* _What to work on_
All of the data that follows should be given again exactly, without its images.

* _Recorded data_

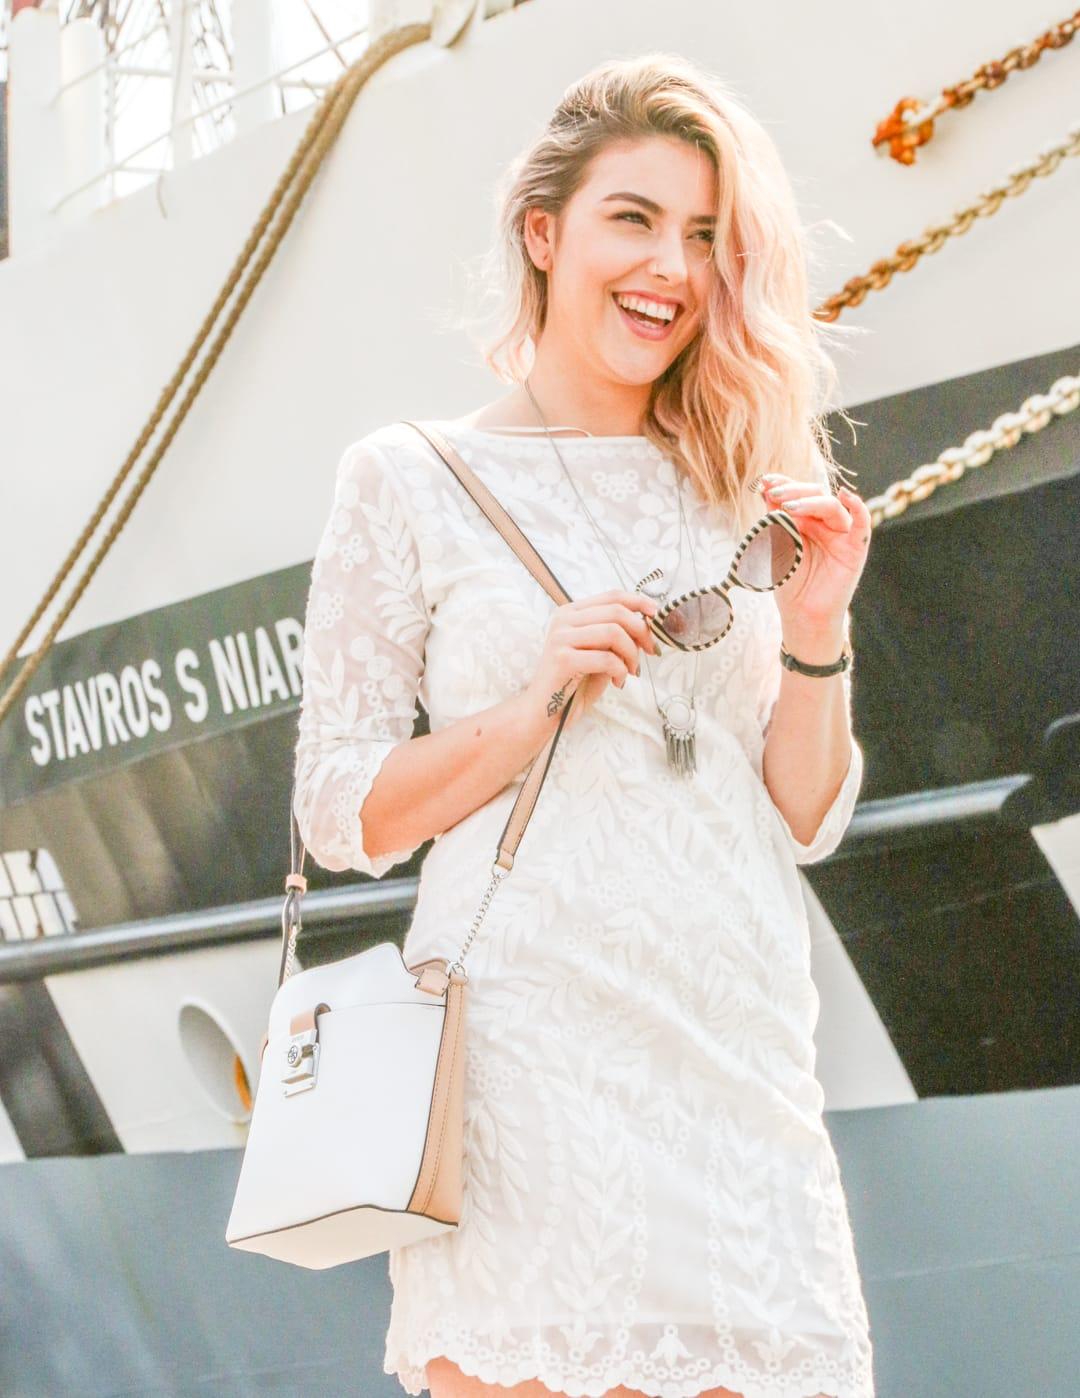 Gunwharf Quays Fashion Photoshoot 4.jpg
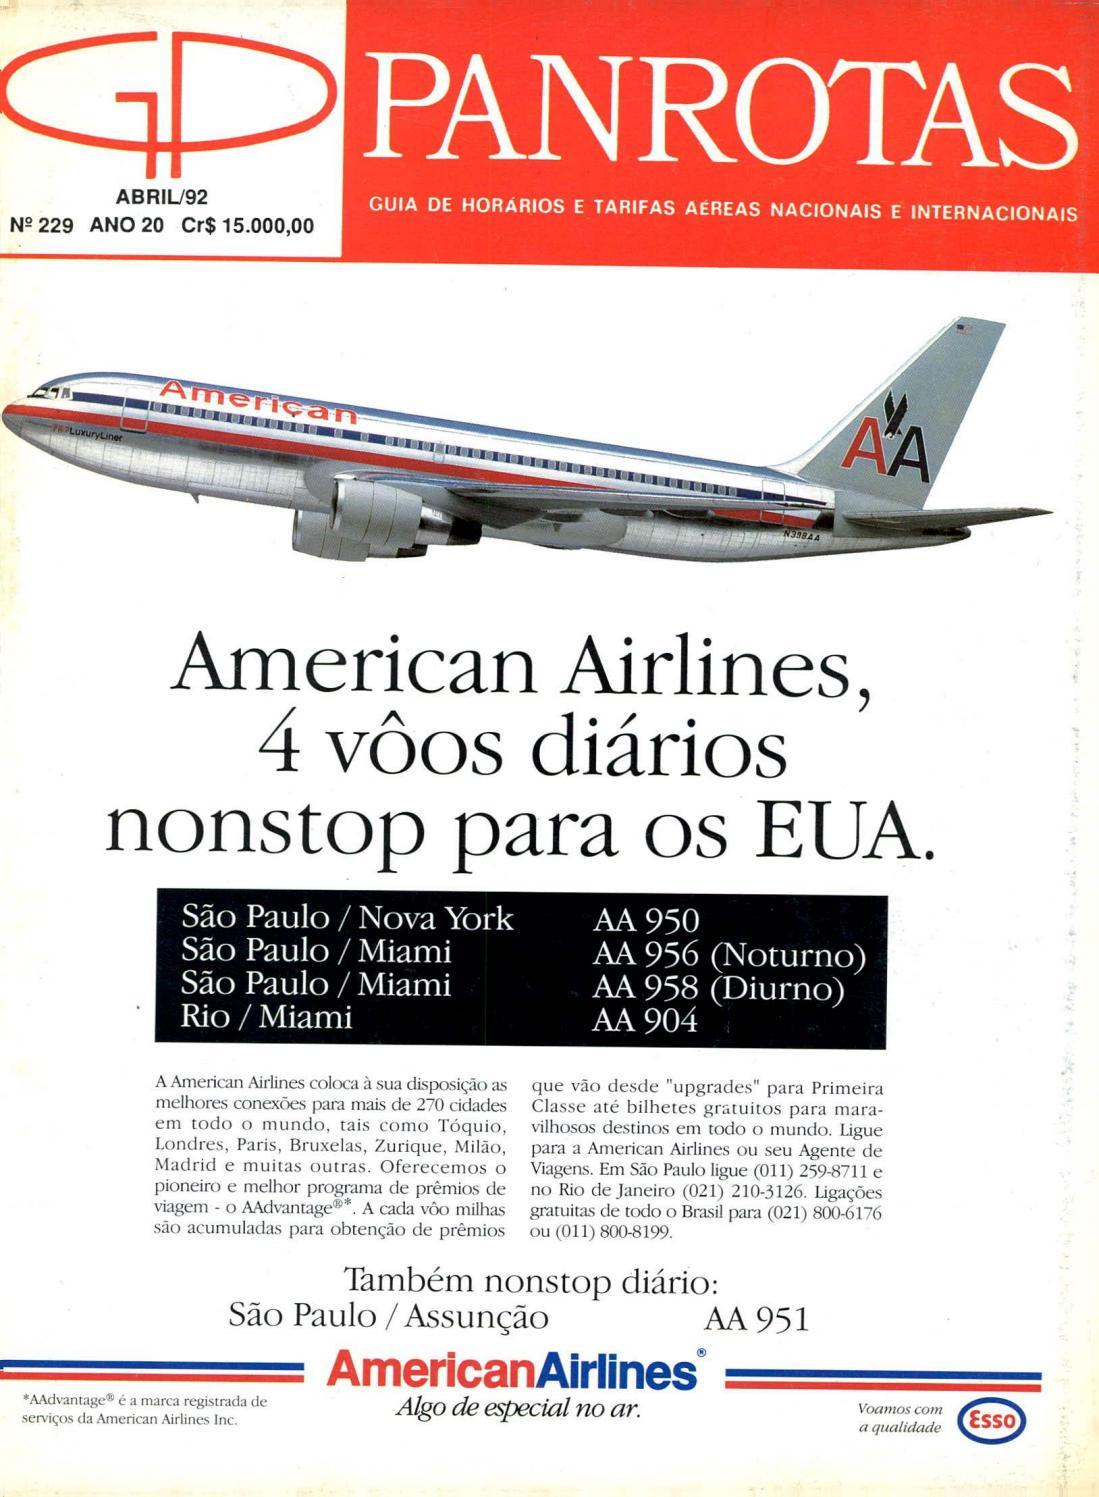 Guia PANROTAS - Edição 229 - Abril 1992 by PANROTAS Editora - issuu 8704c9c0f9e
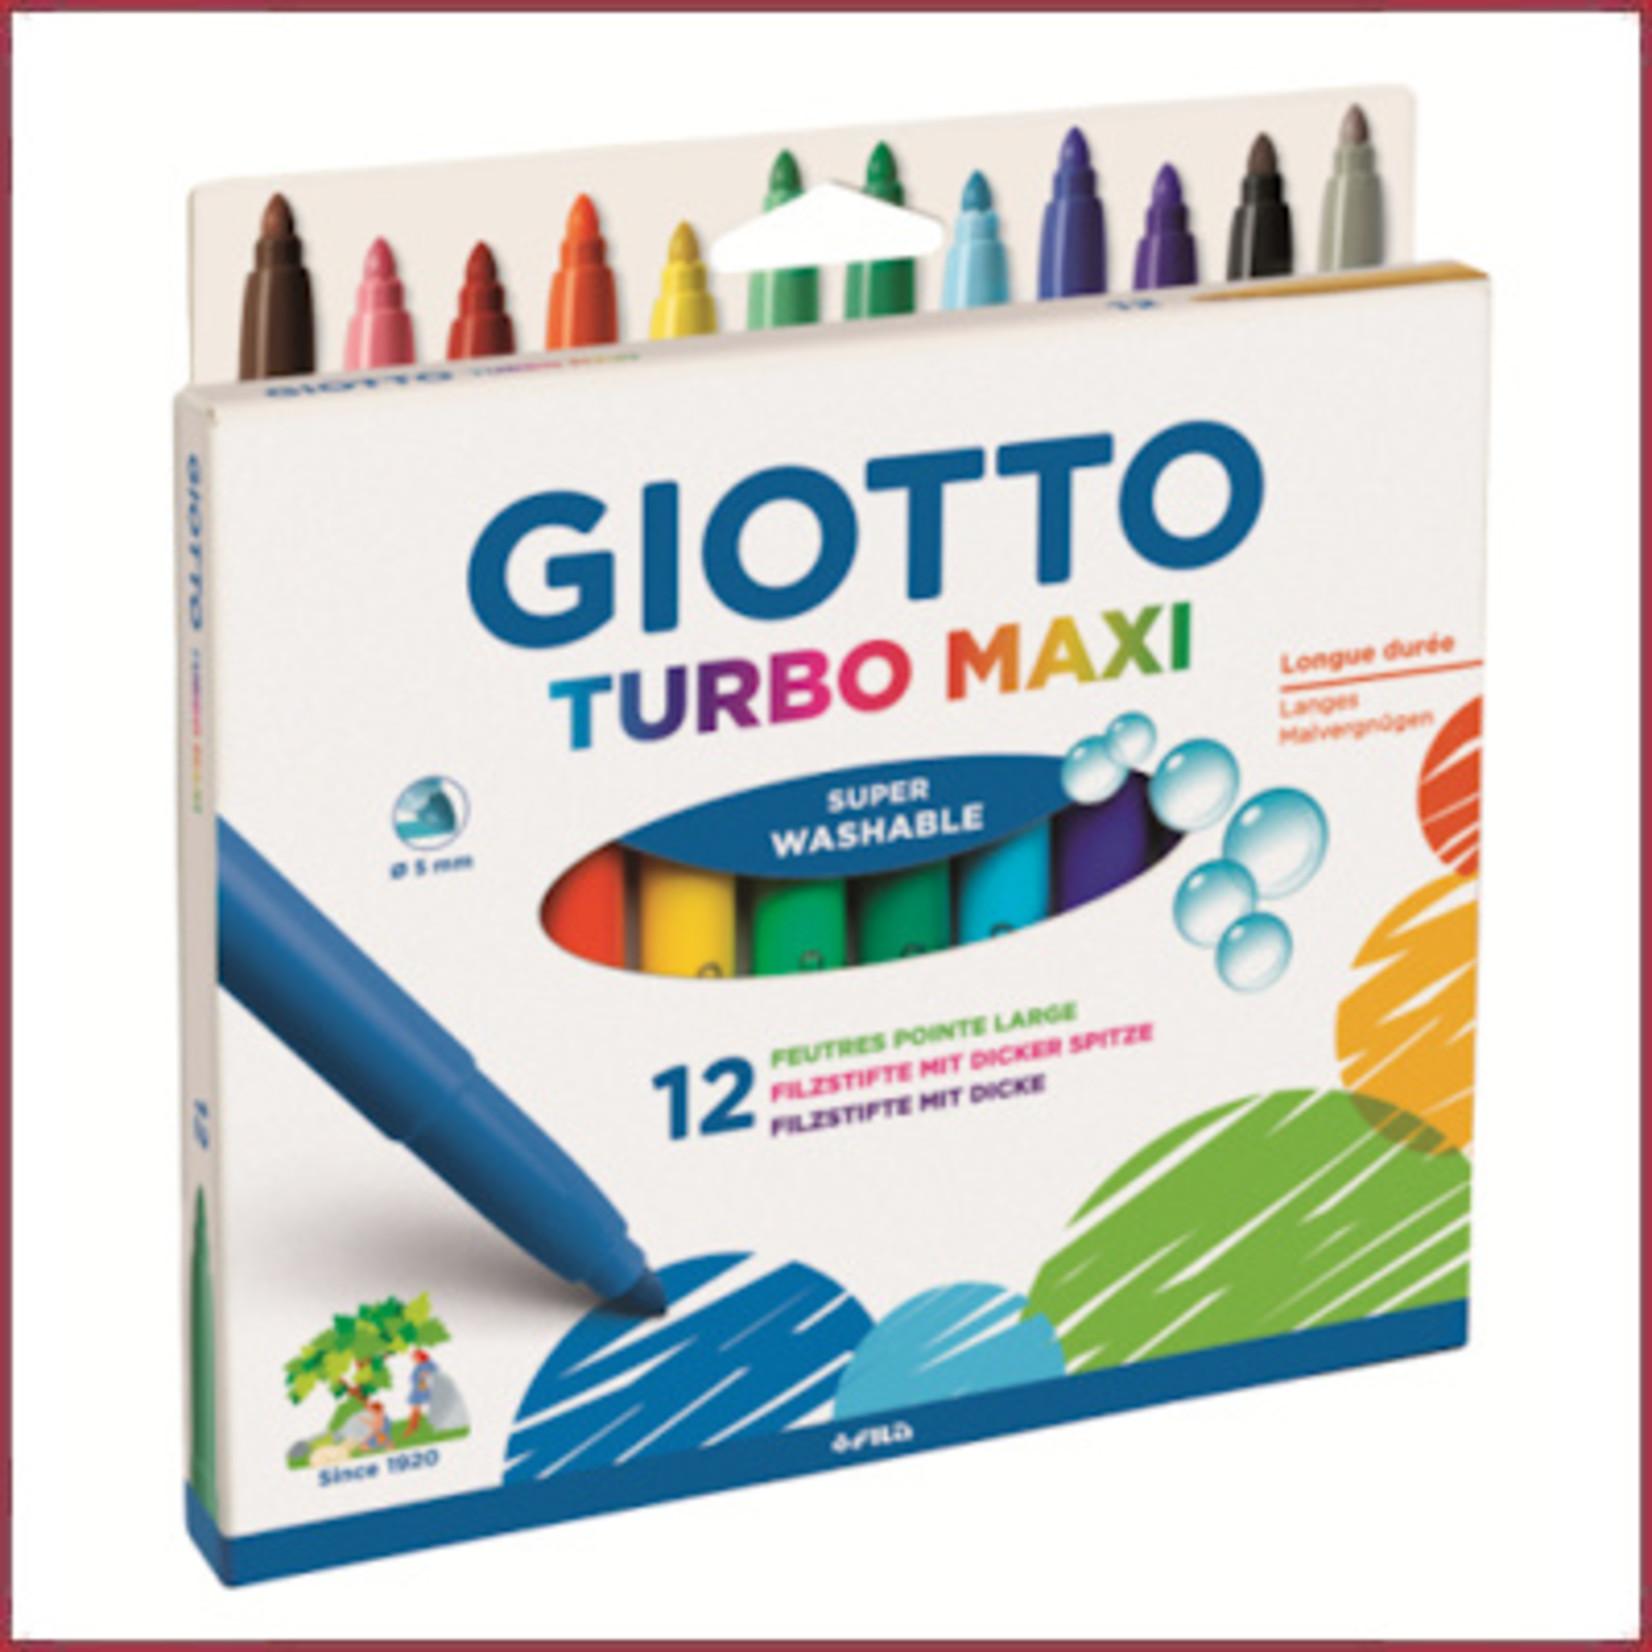 Giotto Giotto Turbo Maxi viltstift

* _Solution to this task_
 Gunwharf Quays Fashion Photoshoot 4.jpg
 Guia PANROTAS - Edição 229 - Abril 1992 by PANROTAS Editora - issuu 8704c9c0f9e
 Giotto Giotto Turbo Maxi viltstift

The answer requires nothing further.